Collected data
----

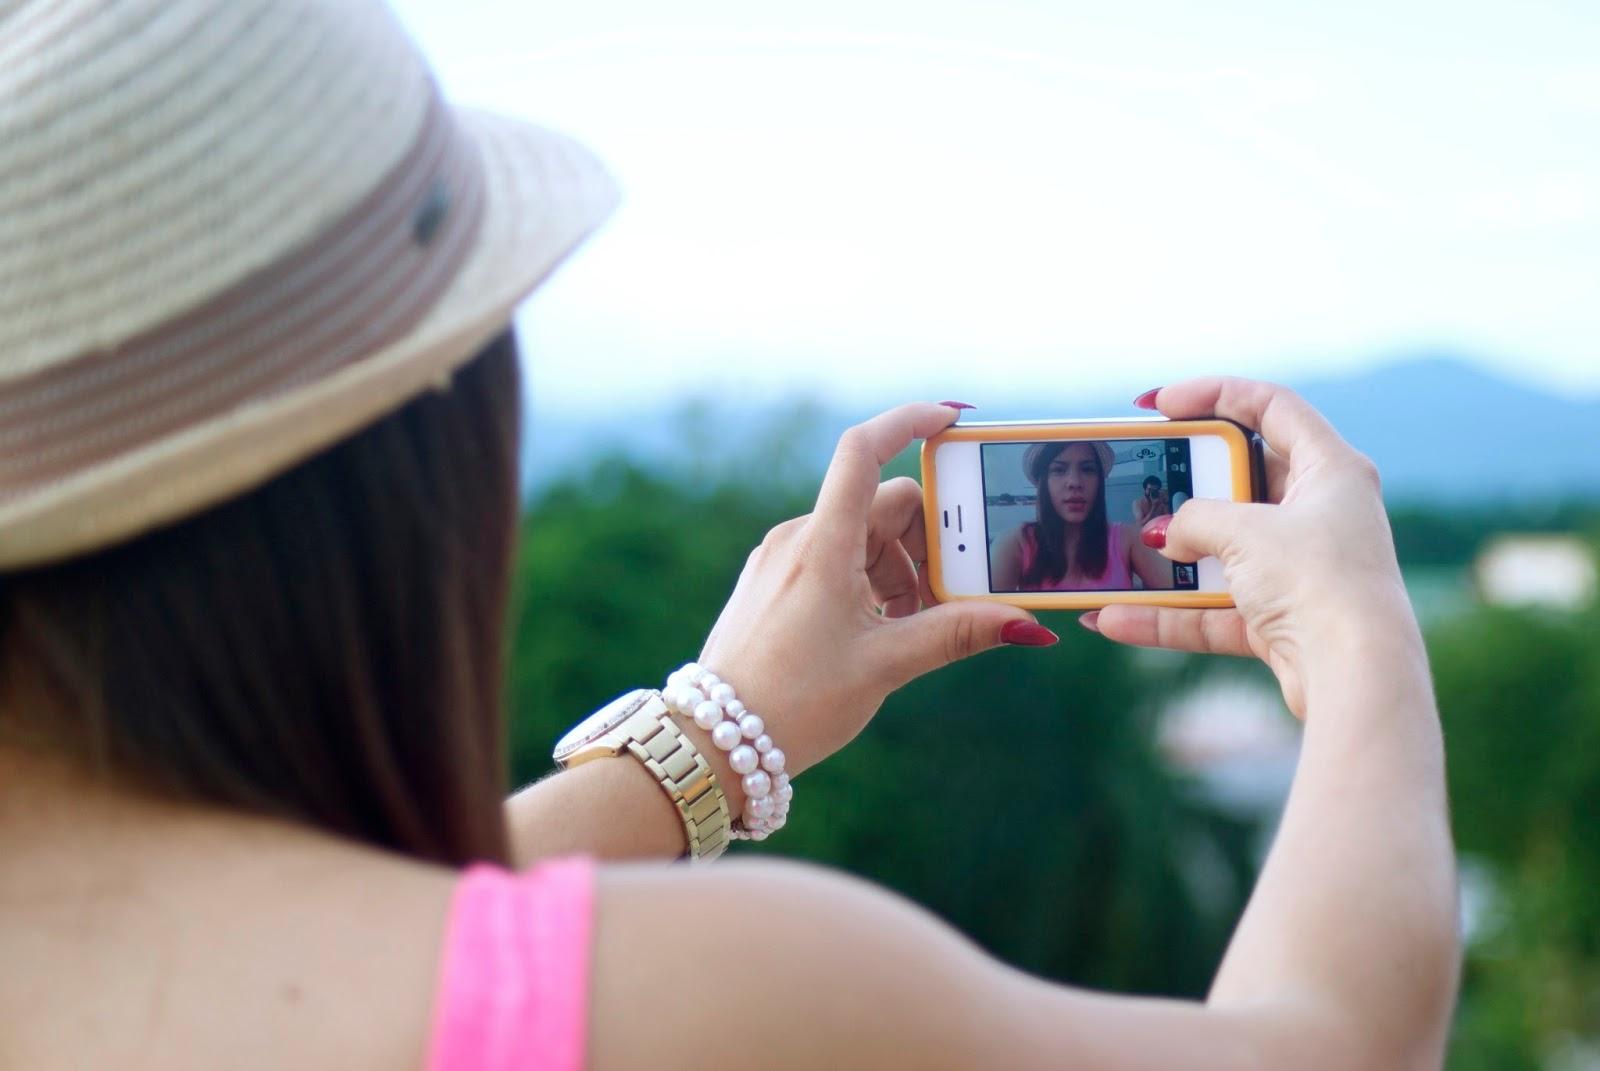 Neutrogena Selfie Dr. Fashionista
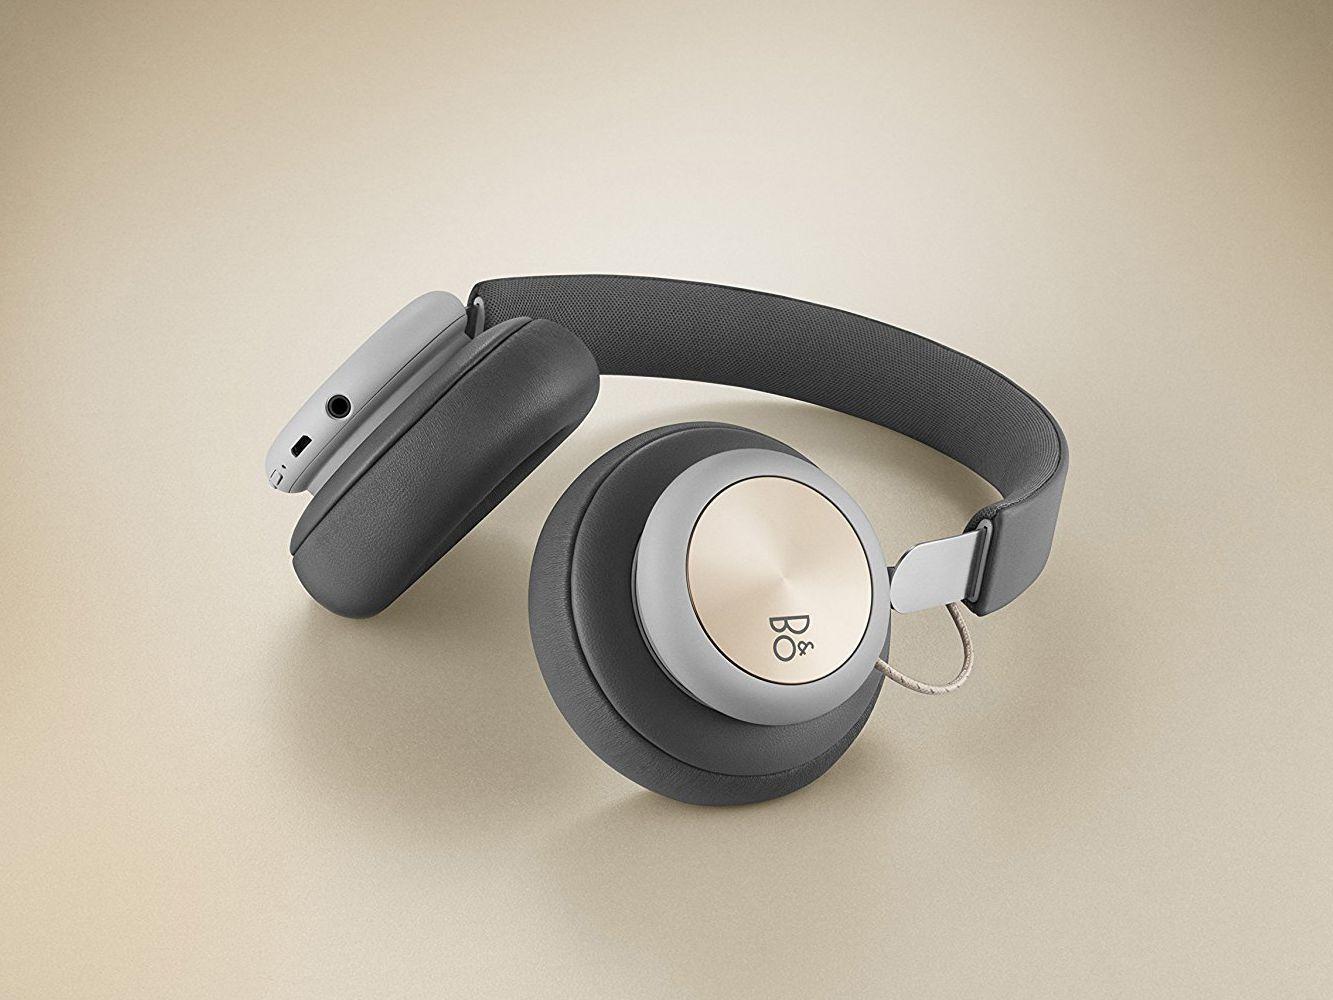 7d1eaa4c25d The 14 Best Wireless Headphones of 2019
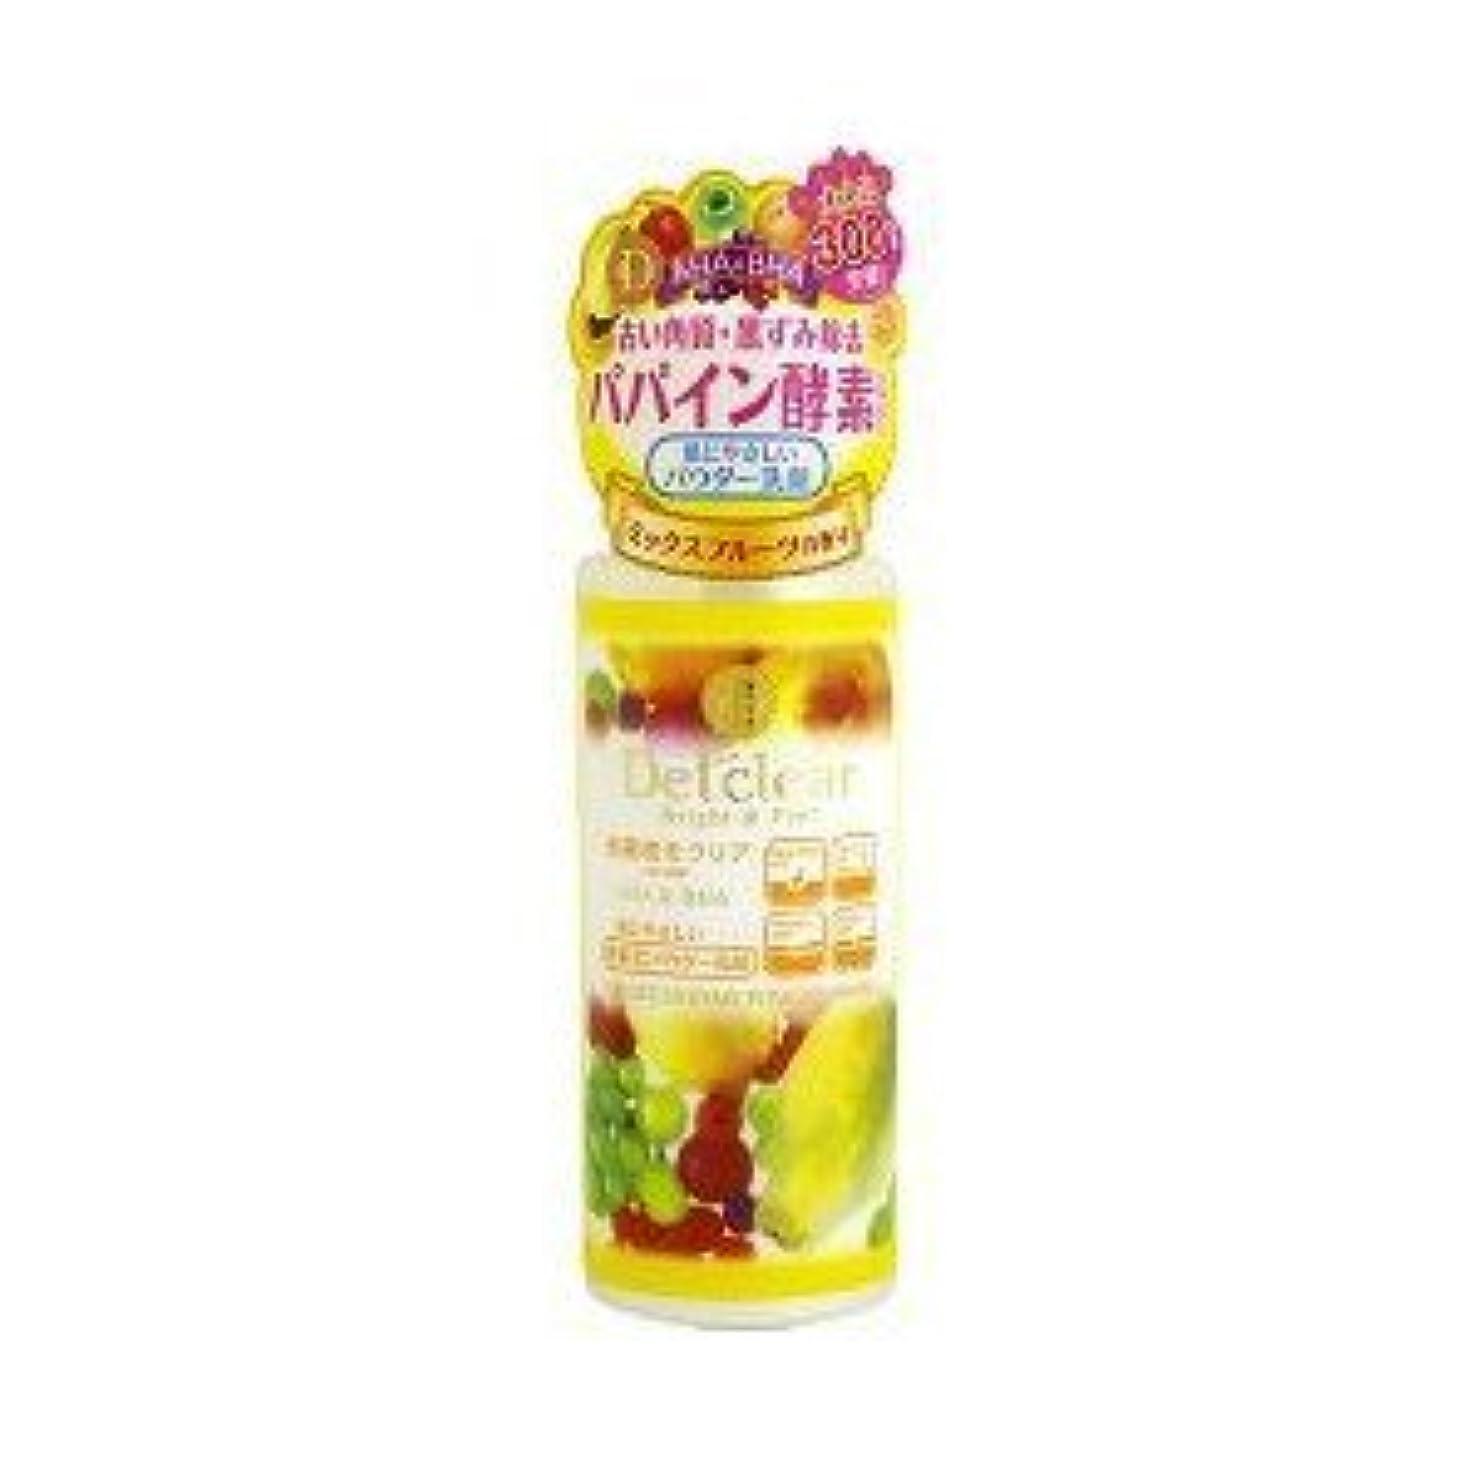 公平なバッチ甘い<お得な3本パック>DETクリア ブライト&ピール フルーツ酵素パウダーウォッシュ 75g お得な3本パック
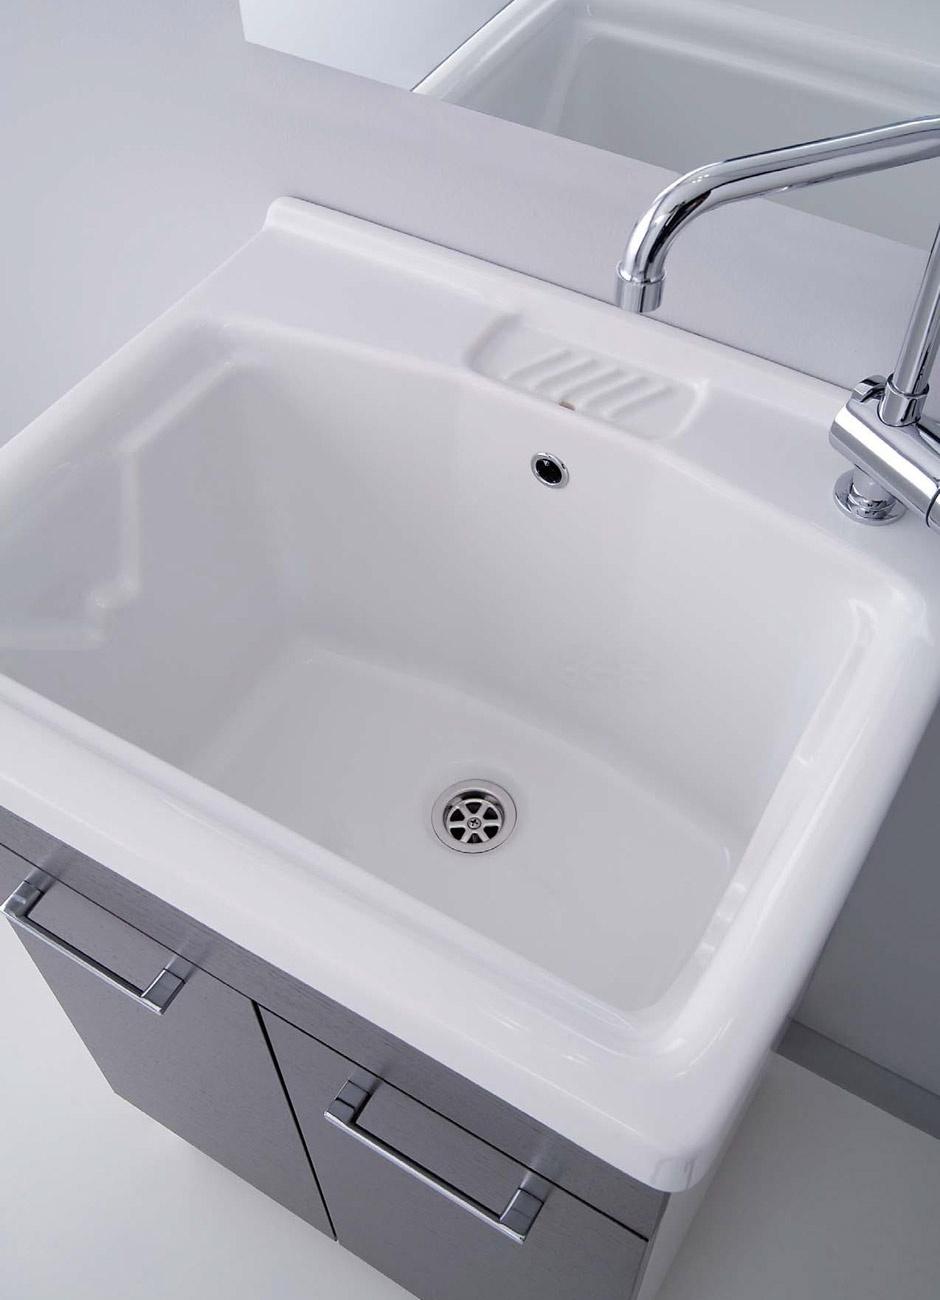 Lavabi in ceramica Serie Oceano
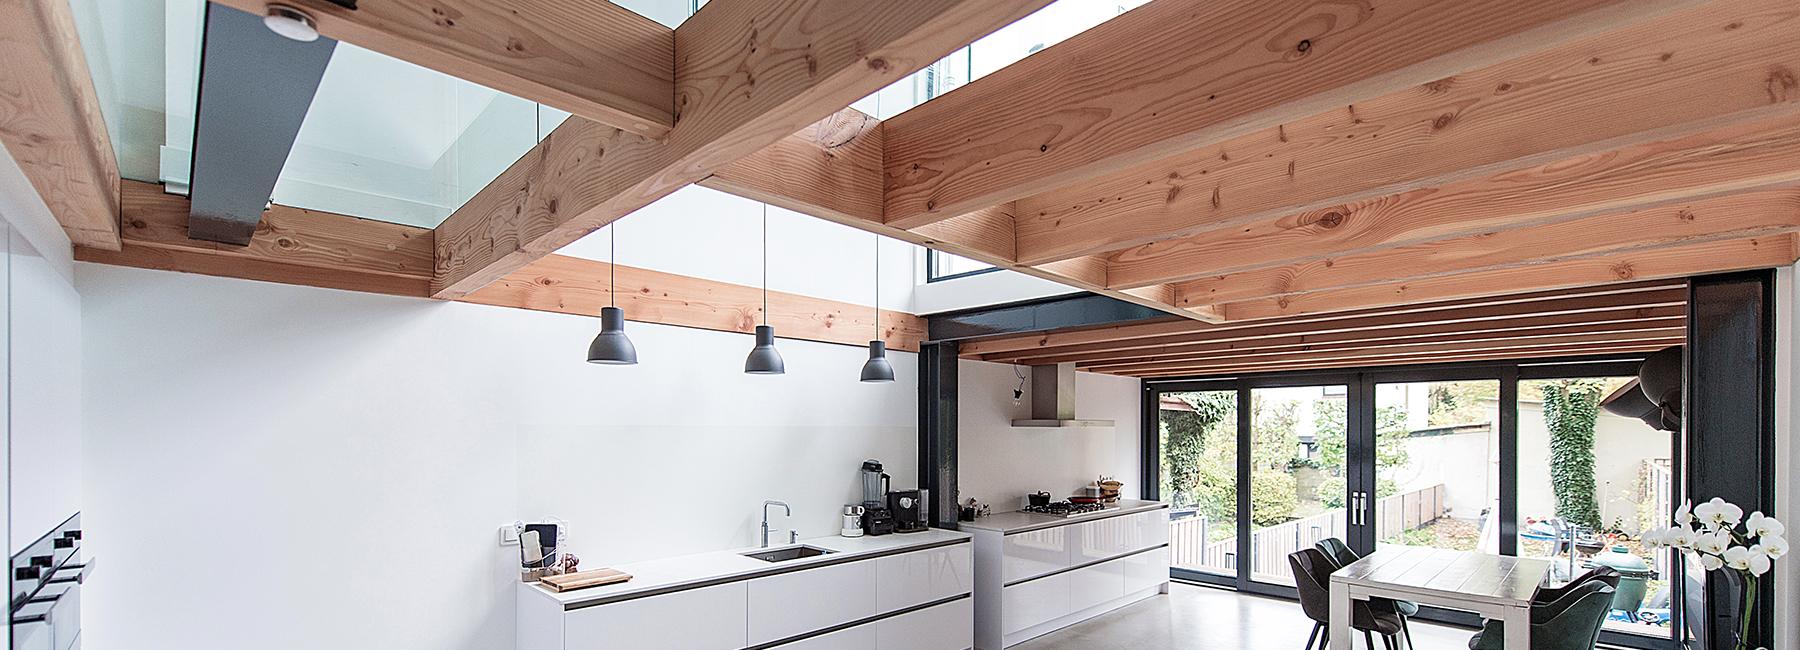 来自于荷兰的建筑工作室BLOOT对地下室进行延伸,因此已有的厨房空间就变成了一个更为宽敞的家庭厨房,能清楚地看到后花园的景色。悬浮的阳台与上面提到的空间相连接,更加强化了这种联系。你可以坐在悬浮阳台上,喝杯咖啡悠闲地度过属于你的时光。开放的客厅因为新的厨房显得非常宽敞。

----

All of the entries must be reproduced exactly, with no pictures kept.

 Neutrogena Selfie Dr. Fashionista
 7d1eaa4c25d The 14 Best Wireless Headphones of 2019
 公平なバッチ甘い<お得な3本パック>DETクリア ブライト&ピール フルーツ酵素パウダーウォッシュ 75g お得な3本パック
 Lavabi in ceramica Serie Oceano
 来自于荷兰的建筑工作室BLOOT对地下室进行延伸,因此已有的厨房空间就变成了一个更为宽敞的家庭厨房,能清楚地看到后花园的景色。悬浮的阳台与上面提到的空间相连接,更加强化了这种联系。你可以坐在悬浮阳台上,喝杯咖啡悠闲地度过属于你的时光。开放的客厅因为新的厨房显得非常宽敞。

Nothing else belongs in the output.